DJFIX + Raves.com (US) - September 2010
Text by Kristofer Upjohn
http://www.djfix.com/cdreviews/show/535/LUGANOFELL-SLICEREPAIR
http://www.raves.com/cdreviews/show/613/LUGANOFELL-SLICEREPAIR

One thing I find myself mesmerized by on this rich "slice" of experimental ambient is the subtlety of its atmosphere. On the whole, it is absorbing, minimalist textures with a subdued but full-of-space hollow musicality (though beats and notes in any kind of traditional sense are not really the forces at work here); it is inviting - but also forboding. That's makes it even more interesting. There's a certain dark ominousness to the proceedings that mingle electrically with the overall soft ambient drift of the music. From William Orbitish low-keyness (and then some) to glitchy skitters that don't overwhelm, from warbled cut and chopped samples to semi-techy noise hypnotism, "Slice Repair" is a captain of captivation, beautiful and unassumingly lush, but at the same time imbued with a slight sense of darkness and danger. It's a top flight batch of experimental brilliance that fans of abnormal ambient and aural exploration should make haste to consume. (4.5/5)

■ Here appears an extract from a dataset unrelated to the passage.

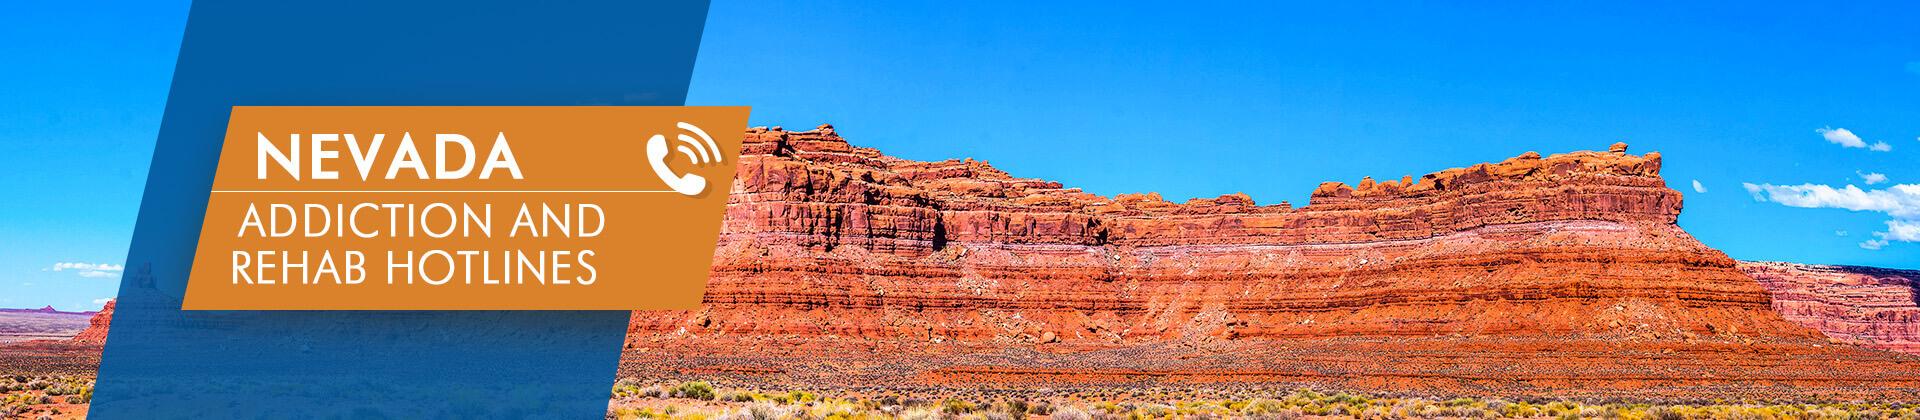 Nevada addiction and rehab hotlines

Westzeit (DE) - September 2010
Text by Klaus Hübner
http://www.westzeit.de/rezensionen/?id=11790

Westzeit, September 2010


The Milk Factory (UK) - August 2010
Text by themilkman
http://www.themilkfactory.co.uk/st/2010/08/lugano-fell-slice-repair-baskaru/

Lugano Fell is the side project of James Taylor, best known as one half of Swayzak, but this is when the connection ends. While the duo have been dispensing dance floor-friendly tunes for the most part of the last decade and a half, his concern here is entirely different. Three years in the making, Slice Repair, Taylor’s debut solo following a handful of CDR releases, is a record all in clair-obscure undertones and delicate touches where electronics and processed acoustics cross paths to form evocative little sonic ambient tales which, apart for the epic closing piece, often last barely long enough to flourish fully.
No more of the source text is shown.